I set the dynamic range of data01
to max
and scale the array to image data with maximum of 255 and minimum of 0.
Convert Numpy array files into .png by using Pillow library Image.fromarray()
.
All files is named in to 9 digit number, this will make files extracting easier.
- First two number is set number + 10 ex. 11 is set number 1 (11–10 = 1)
- The next five is data number + 10000 because I made 2400 data for each class, to make all filenames the same length I have to add number that is larger than files number which is 10000 ex. 10295 is data number 295 (10295–10000 = 295)
- The last two number is label number or class number + 11 ex. 11 is class number 0 (11–11 = 0)
I divided data in to train set and test set in ratio of 70 : 30 first and divide 70% train set in to 20% validation set (56 : 14) for model training later. (The ratio of train : validation : test is 56 : 14: 30)
Training Classification models
I also made dataset to predict finger movements from 0.2 second data with the same way I did with 1 second data set. I increase the number of data by overlapping each data 0.1 second or moving with 0.1 second step. I could get 60 × 49 = 2940 data for each class. The model for training 0.2 second will be using the same model with 1 second data set.
Import the packages required for the classification.
Create DataFrame with path and class.
Random split train set into validation set. For this model I set the percentage for validation set to 20%.
Import Resnet34 model.
From the graph below learning rate start decreasing at 1e-3 and the minimum point is around 1e-1, the base learning rate should be approximately at 1e-2 ( base_lr = 1e-2
).
- base learning rate should be around close to minimum point of the graph.
learn.lr_find()
Use learn.fine_tune()
to train the model.
learn.fine_tune()
is a function
learn.fine_tune(epochs=10,
base_lr=1e-2, #max lr; when unfrozen base_lr/2
freeze_epochs=1, #how many epochs to train frozen
lr_mult=100, #train feature extractor with max lr at base_lr/lr_mult
pct_start=0.2, #start decreasing lr at
div=5.0, #start at base_lr (max lr) / div
cbs=[SaveModelCallback(monitor='accuracy'),]
# WandbCallback(), #track to wandb] #monitor accuracy and save best model
)
Result
The model
✧ Confusion matrix
This show us that
- 0.2 second data : The model
interp = ClassificationInterpretation.from_learner(learn)

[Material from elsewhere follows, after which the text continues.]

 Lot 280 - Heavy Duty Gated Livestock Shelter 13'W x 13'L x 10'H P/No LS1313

interp.plot_confusion_matrix()
✧ Test the model with test set
- 1 second data
Accuracy:99.17%
- 0.2 second data
Accuracy:76.52%
Demonstration
I tested the models by generating a 20-second signal from one subject. The duration of each finger movement is chosen by random between 0.5 second to 1.5 second. The class of finger movement is also chosen randomly.

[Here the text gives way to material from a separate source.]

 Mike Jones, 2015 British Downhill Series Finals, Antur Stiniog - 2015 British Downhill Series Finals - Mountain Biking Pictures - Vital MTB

The tested results of 1.0-second model is not in good agreement with the actual finger movements even the accuracy of the model is more than 90%. The reason is that the model need the whole second of the signal for each prediction. There are many perdition with the signal from two types of finger movements.

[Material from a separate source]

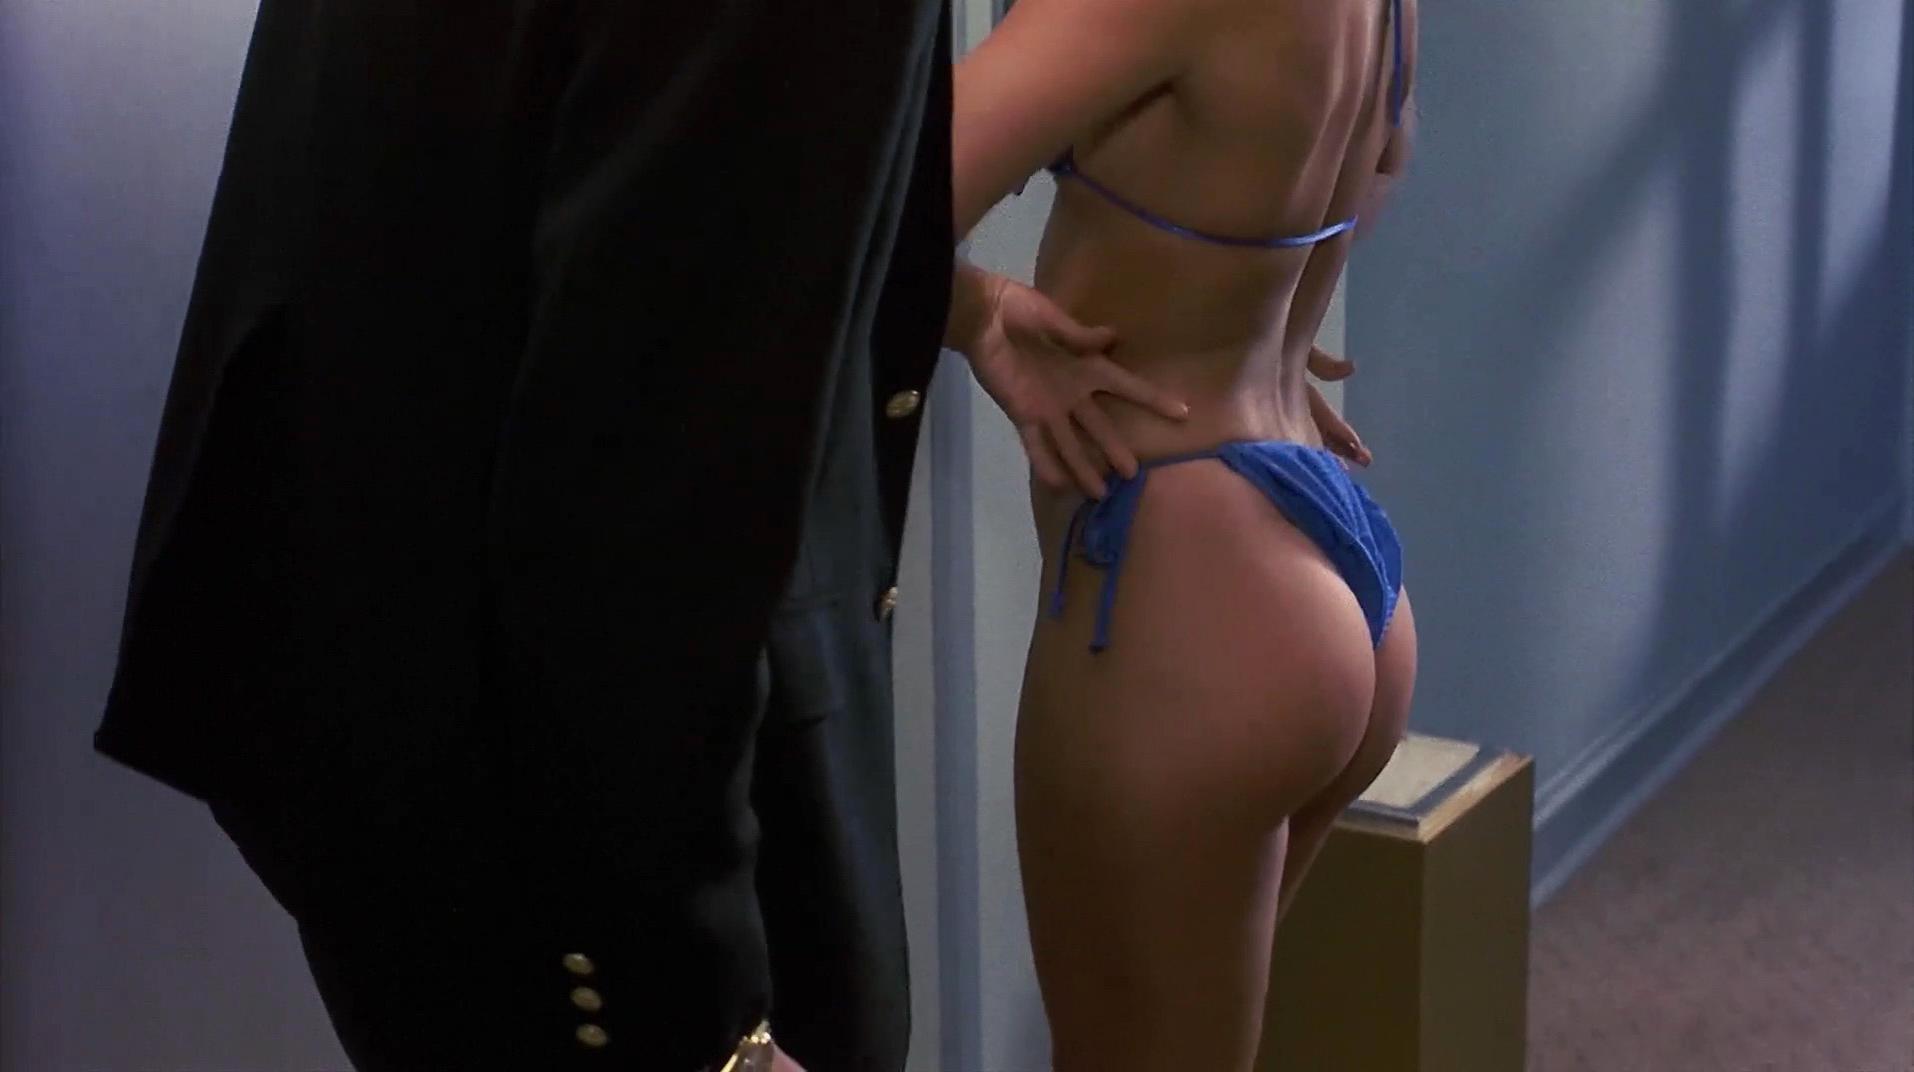 private resort movie nudity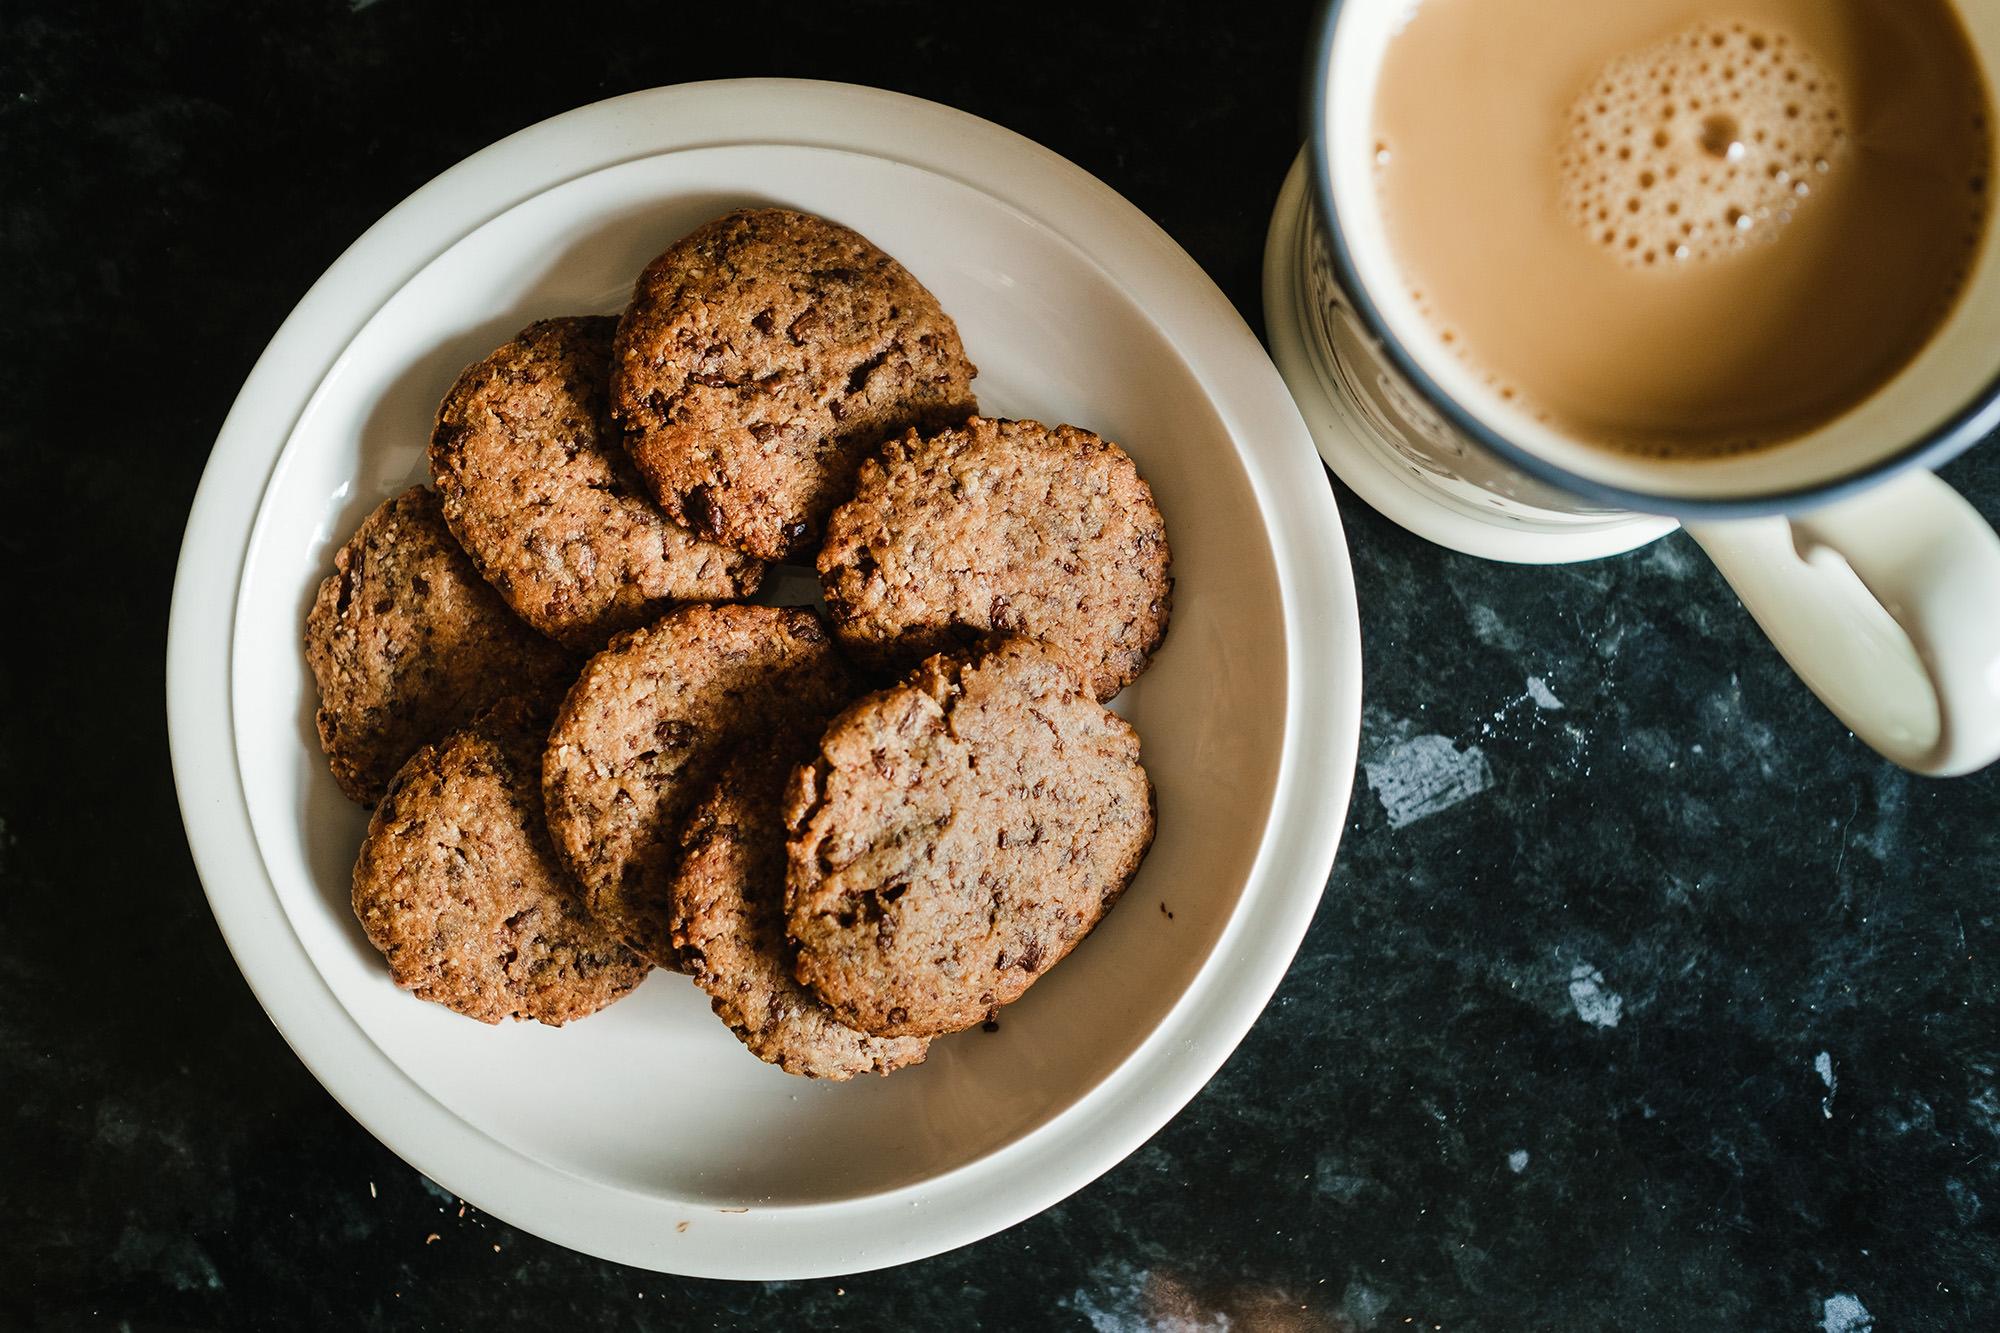 chocolate cookies made

The tested results of 0.2-second model give better agreement with the actual finger movements even the accuracy of the model is less than 80%. The reason is that there are fewer perdition with the signal from two types of finger movements.
Conclusion
The results show that ResNet34 can be used to predict 10 classes of the finger movement from 2-channel EMG data by converting 1-diminsional signals to 2-dimensional signals using STFT.
The future work
The results are not good as the original work published for this EMG dataset. Other CNN architectures could be explored to get a better result.
What I learned in AI Builder program
As I mentioned at the beginning this program include classes, it makes me gain more knowledge and understanding about machine learning, fastai, transfer learning (learning rate finder, freezing/unfreezing), NLP, ethical problems in field of data science, etc.
Making this project gives me a lot of knowledge about how Convolutional Neural Network (CNN) works (about layers, filter, max pooling, etc.) since I have to read a lot about that to understand the model I used or Resnet34. I also gain experience and fun doing work in this field too!